HI,
I work with meta-transcriptomics paired end data sequenced using Illumina hiseq technology.I performed denovo-assembly using Trinity on RNA-seq(separately on forward and reverse) data followed by mapping with bowtie2.Now,I am trying to count the reads that were mapped to each contig from the generated sam output file after mapping as it is very ambiguous with nearly 11,000,000 reads.

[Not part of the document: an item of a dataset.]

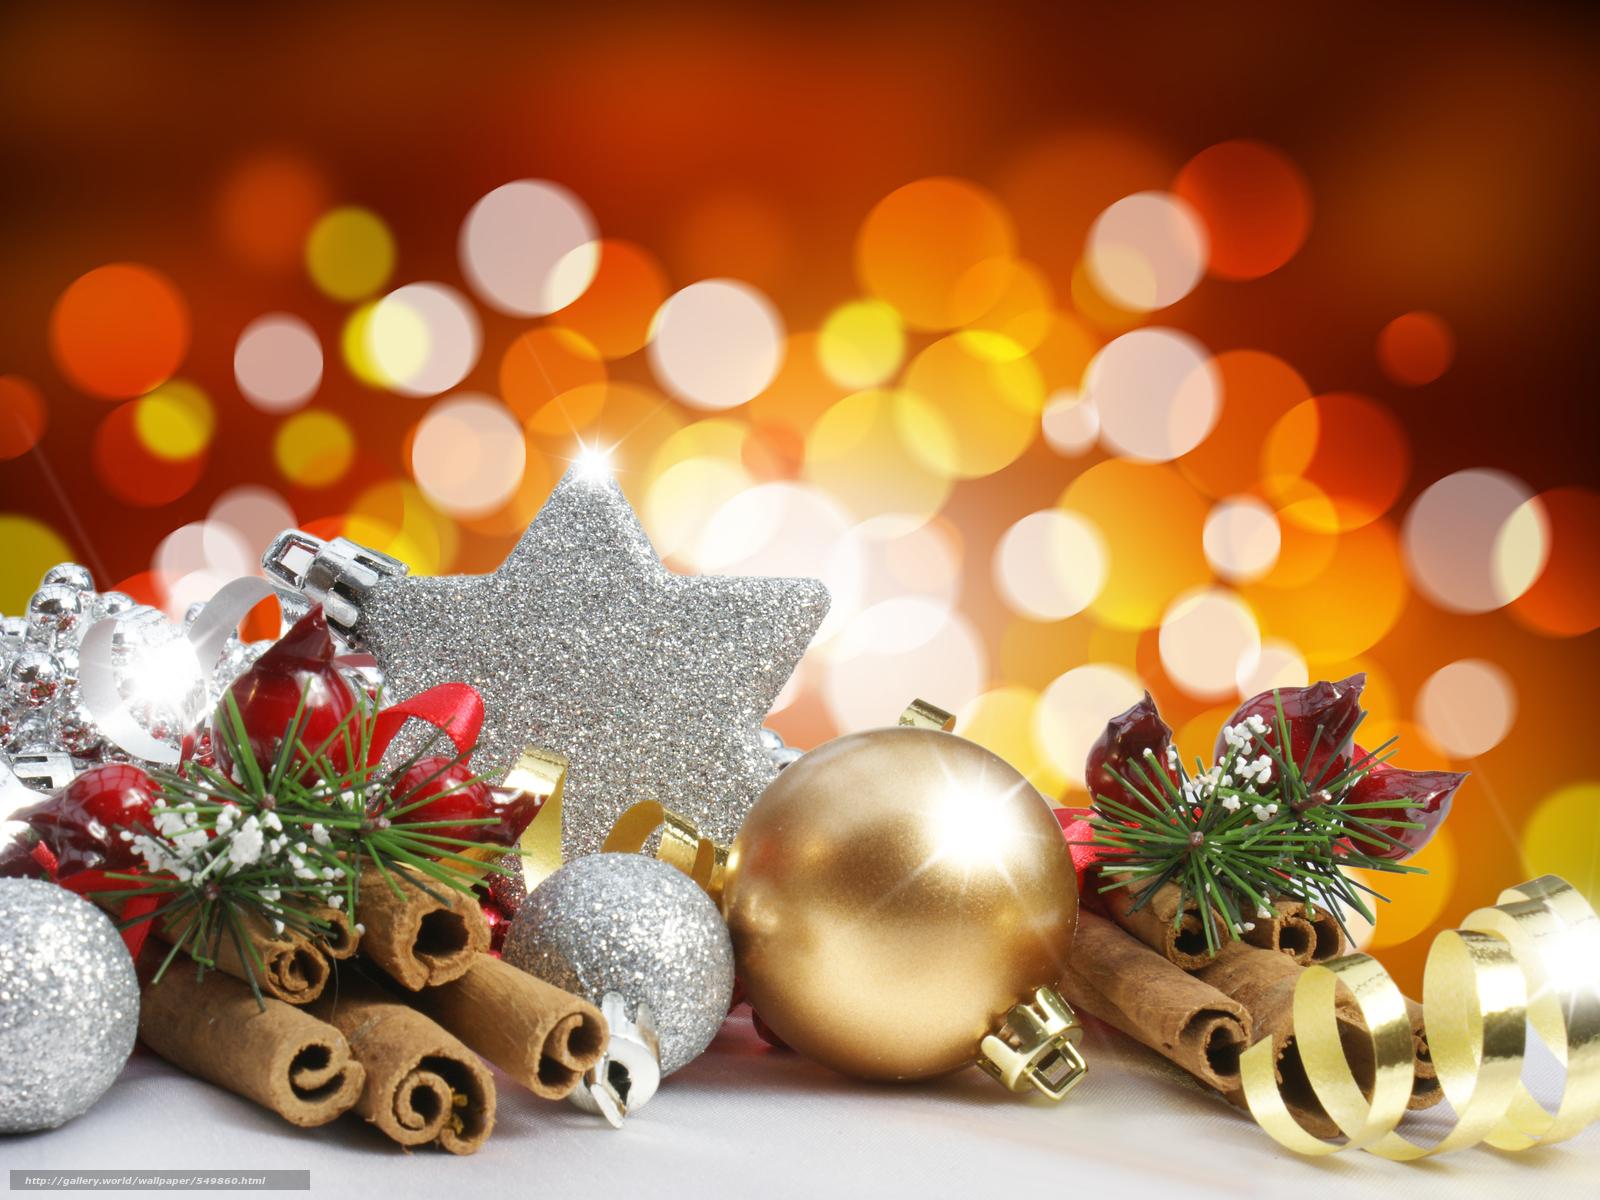 549860_merry_christmas_happy_holidays_new_year_christmas__5324x3993 ...

Just to avoid confusion I extracted only 2 columns from the sam output file that I am interested in
query contig
HWI-ST365:262:C0RY1ACXX:6:1114:13971:74078 comp59482_c0_seq1
HWI-ST365:262:C0RY1ACXX:6:2102:6548:15712 comp4933_c6_seq1
HWI-ST365:262:C0RY1ACXX:6:2102:6548:15712 comp5103_c0_seq1
HWI-ST365:262:C0RY1ACXX:6:2102:6548:15712 comp5696_c0_seq1
HWI-ST365:262:C0RY1ACXX:6:2102:6548:15712 comp5503_c0_seq1
HWI-ST365:262:C0RY1ACXX:6:2102:6548:15712 comp6262_c0_seq1
HWI-ST365:262:C0RY1ACXX:6:2102:6548:15712 comp5296_c0_seq1
HWI-ST365:262:C0RY1ACXX:6:2102:6548:15712 comp40032_c0_seq1
HWI-ST365:262:C0RY1ACXX:6:2102:6548:15712 comp4933_c6_seq4
HWI-ST365:262:C0RY1ACXX:6:2102:6548:15712 comp11733_c0_seq1
HWI-ST365:262:C0RY1ACXX:6:2102:6548:15712 comp5068_c0_seq1
HWI-ST365:262:C0RY1ACXX:6:2102:6548:15712 comp22661_c0_seq1
Thank you in advance
i think, that if the read is mapped twice to same contig, it will be counted two times
Well I was trying to go with the simplest solution. I thought bambus just wants to get some idea about the coverage on different chromosomes. Of course, there are many factors that need to be considered. The best way would be to convert the SAM to BAM and use flags to flag the reads that are non-uniquely mapped and duplicates and then process the unflagged reads.